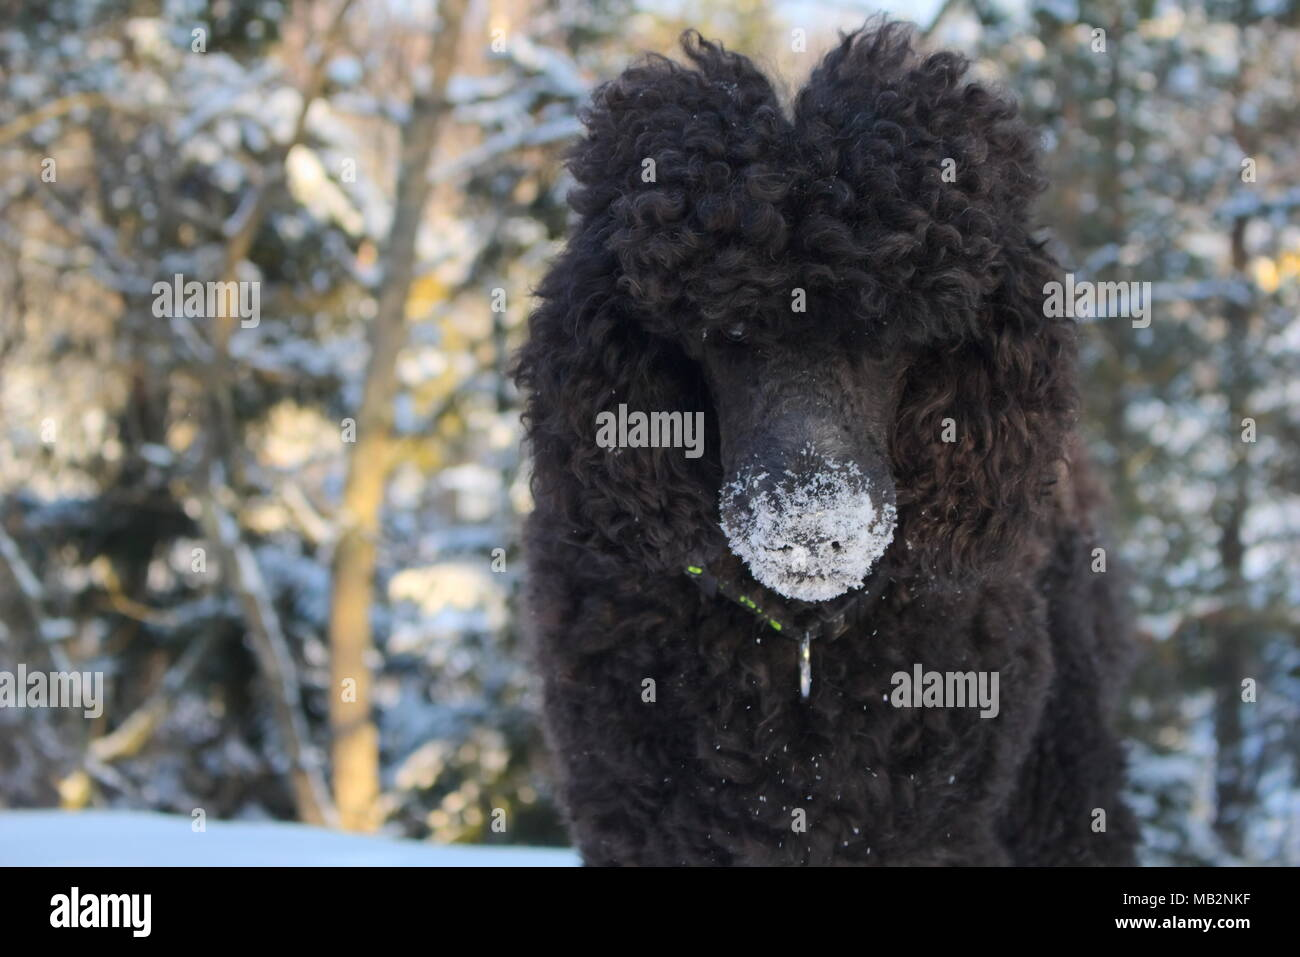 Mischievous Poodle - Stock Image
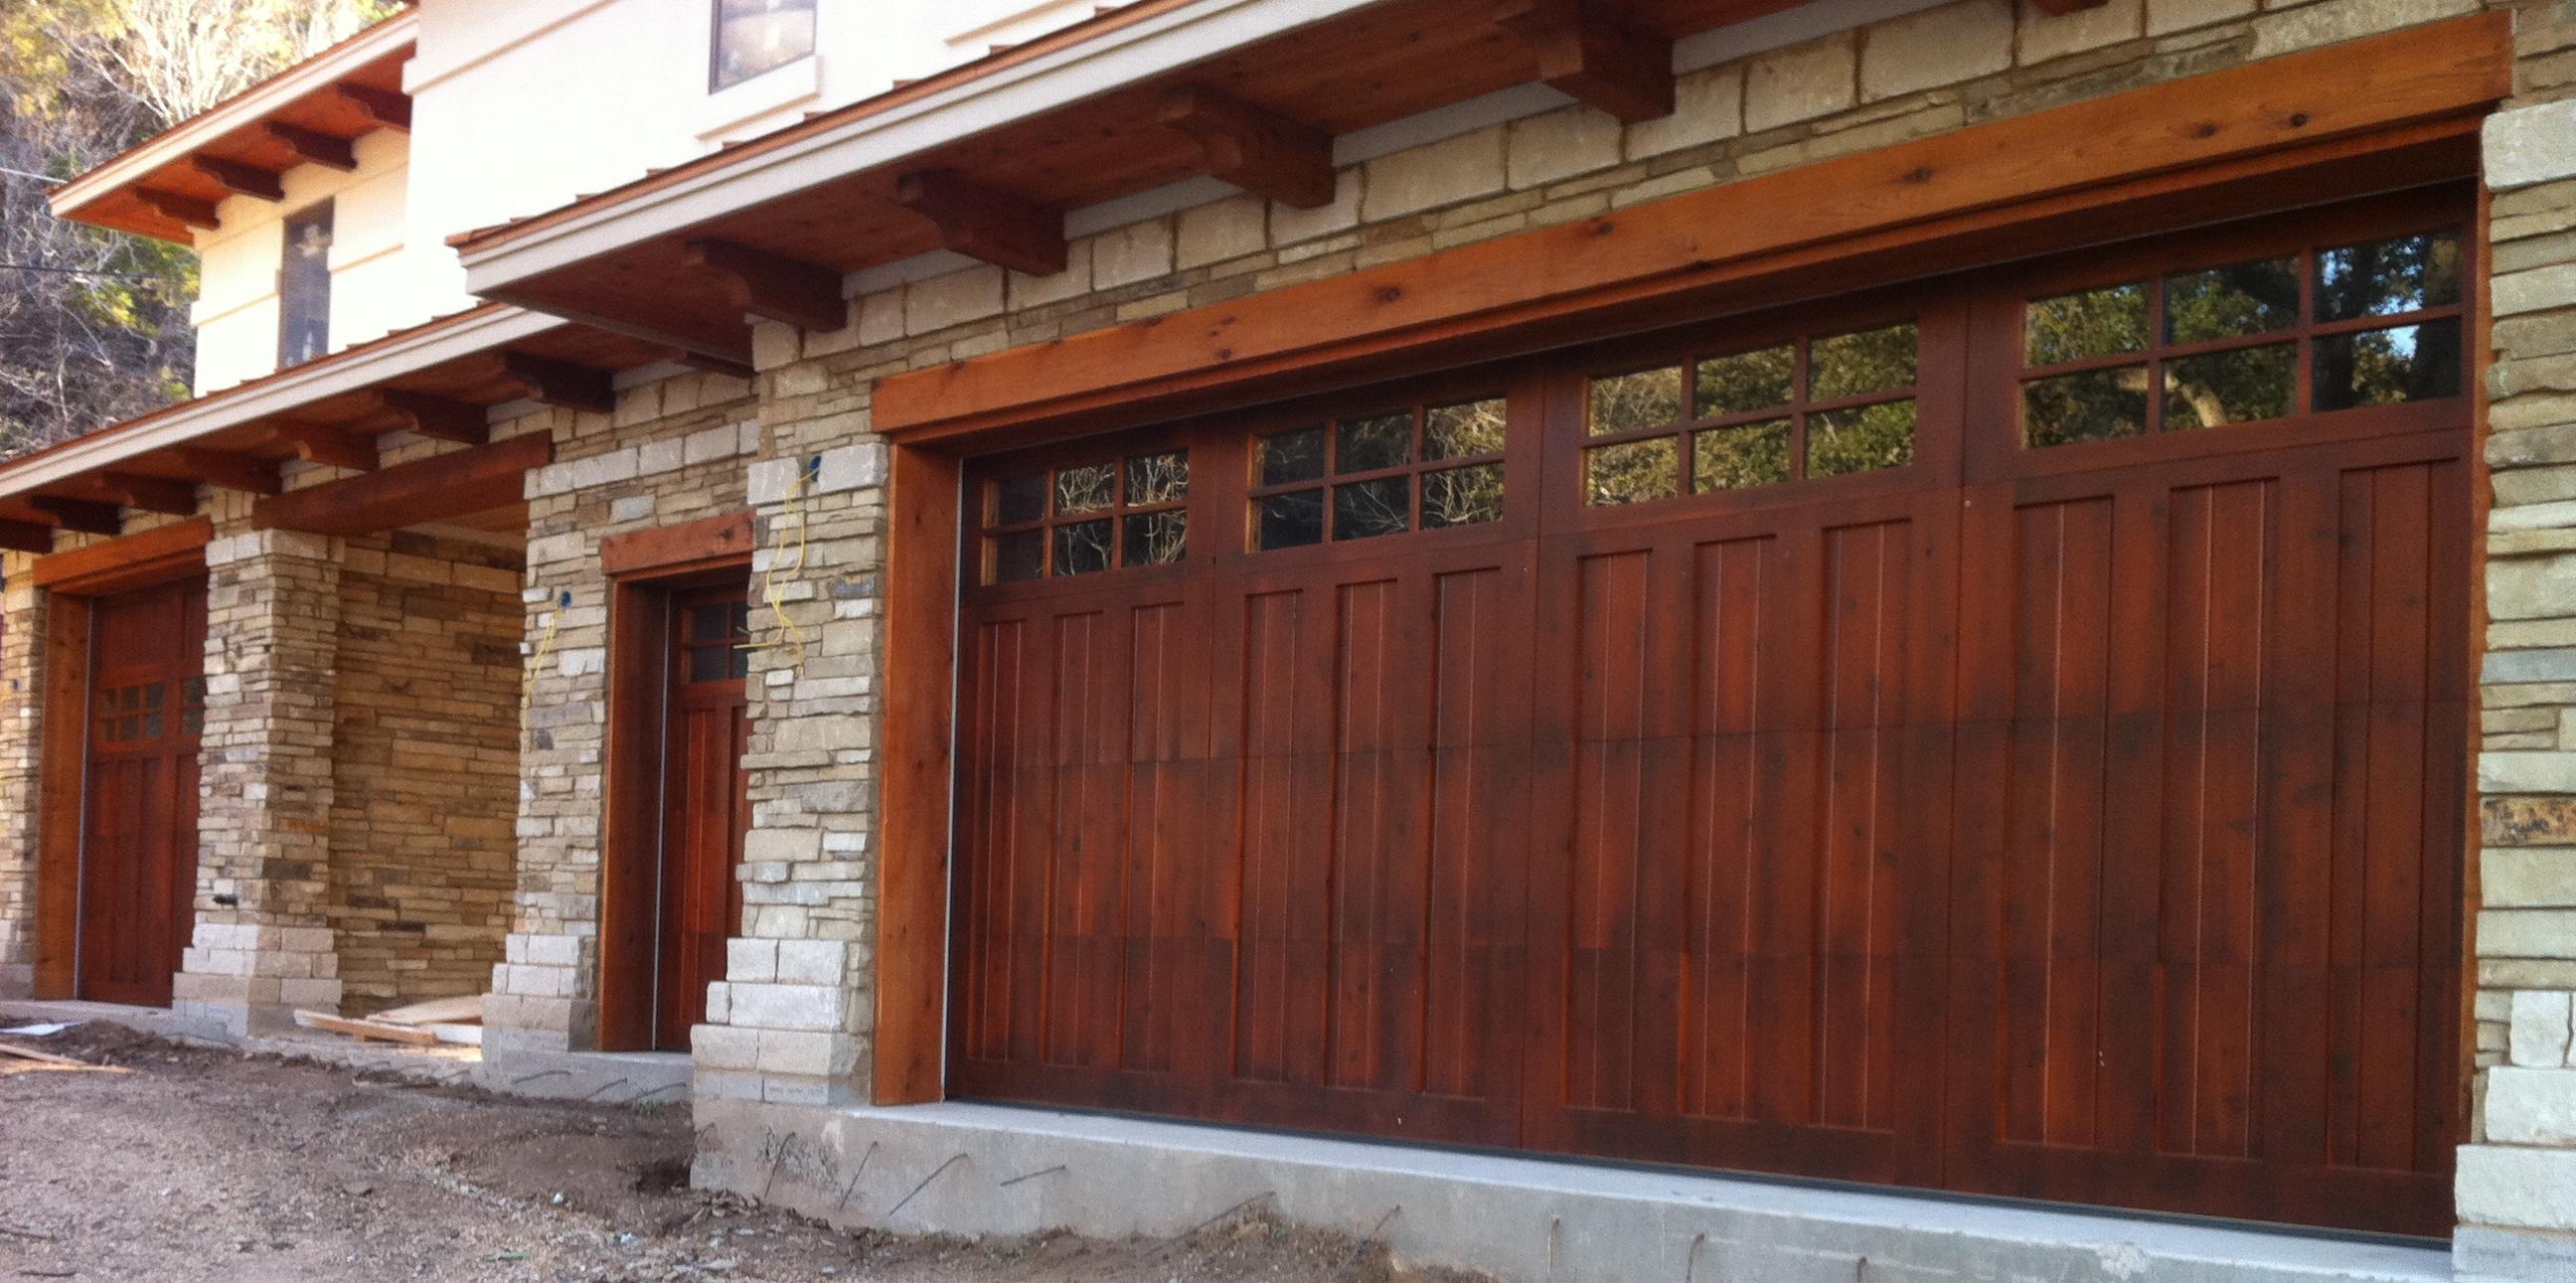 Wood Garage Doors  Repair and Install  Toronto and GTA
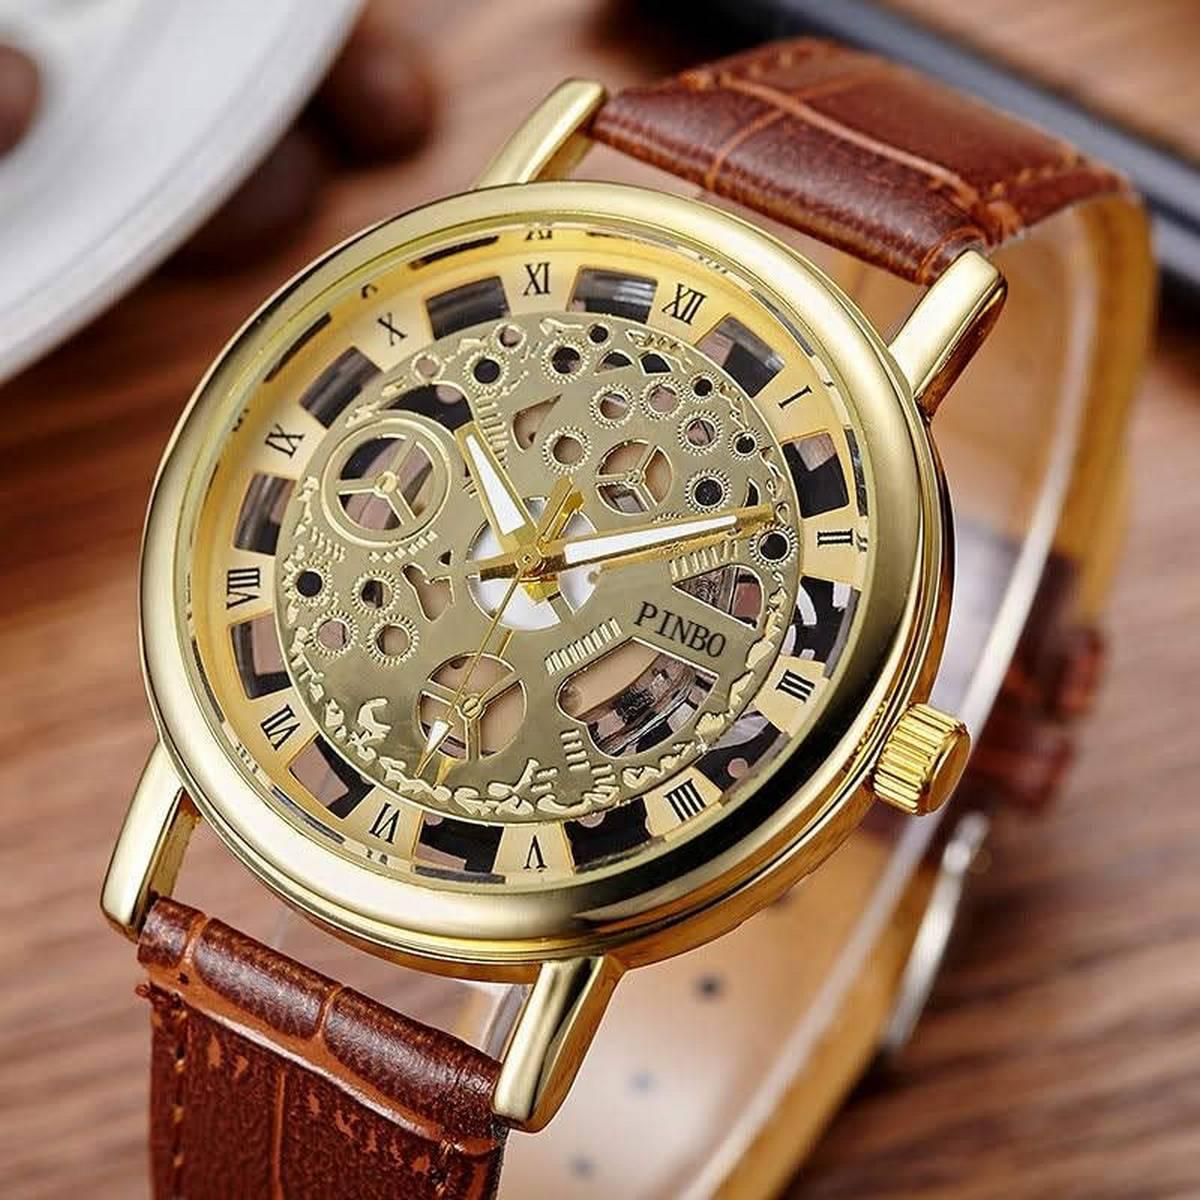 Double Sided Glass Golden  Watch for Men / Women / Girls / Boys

*How to complete this task*. The whole listing above, line by line, needs to be copied exactly, except for any images.

*Task solution*.
 Mischievous Poodle - Stock Image
 Wood Garage Doors  Repair and Install  Toronto and GTA
 Double Sided Glass Golden  Watch for Men / Women / Girls / Boys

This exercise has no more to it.